▶ **Activity**
Please copy the data exactly as it stands, minus the images.

▶ **Information supplied**
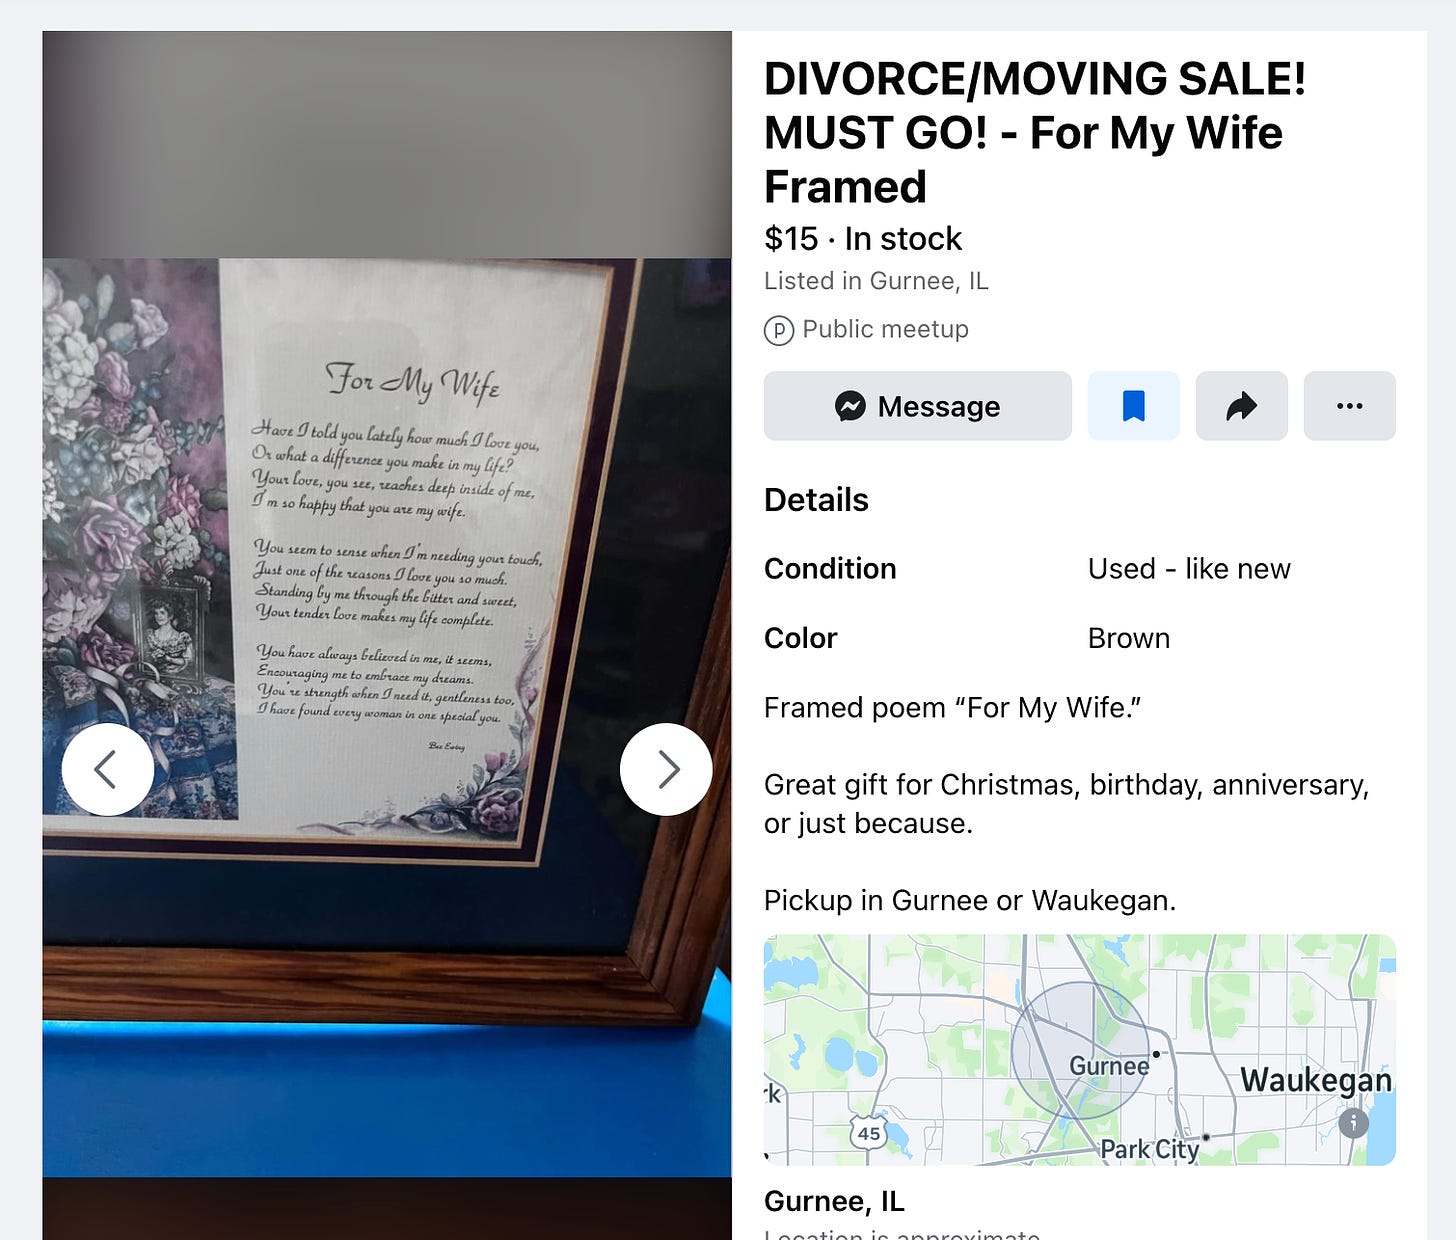 facebook marketplace listing for DIVORCE / MOVING SALE, framed poem "For My Wife. Great gift for Christmas, birthday, anniversary, or just because"
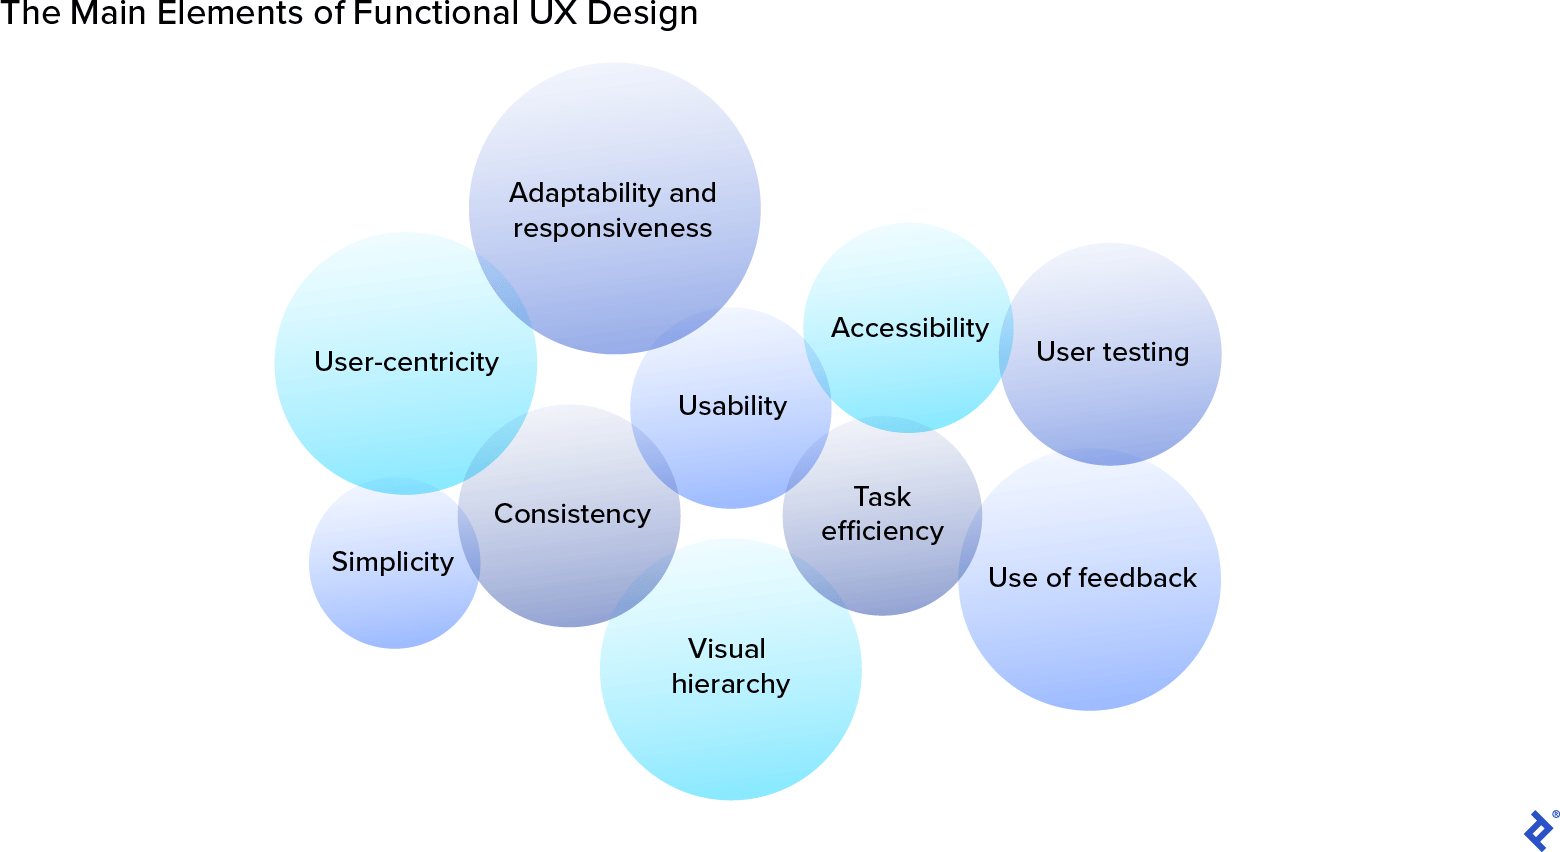 The main elements of functional UX design include  consistency, simplicity, task efficiency, visual hierarchy, and others.
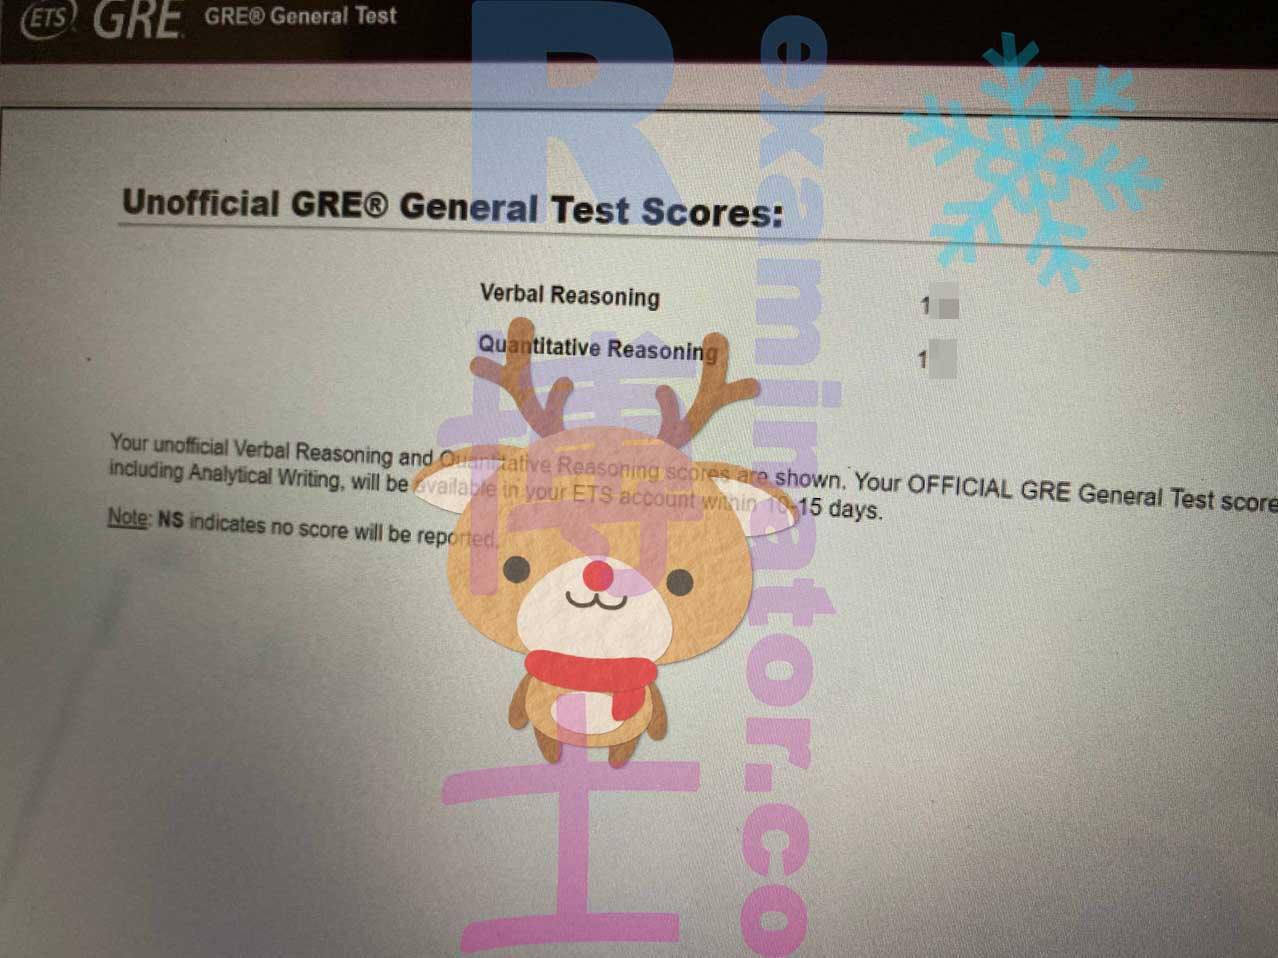 score image for GRE Cheating success story #413

▶ **Answer to the exercise**
 facebook marketplace listing for DIVORCE / MOVING SALE, framed poem "For My Wife. Great gift for Christmas, birthday, anniversary, or just because"
 The main elements of functional UX design include  consistency, simplicity, task efficiency, visual hierarchy, and others.
 score image for GRE Cheating success story #413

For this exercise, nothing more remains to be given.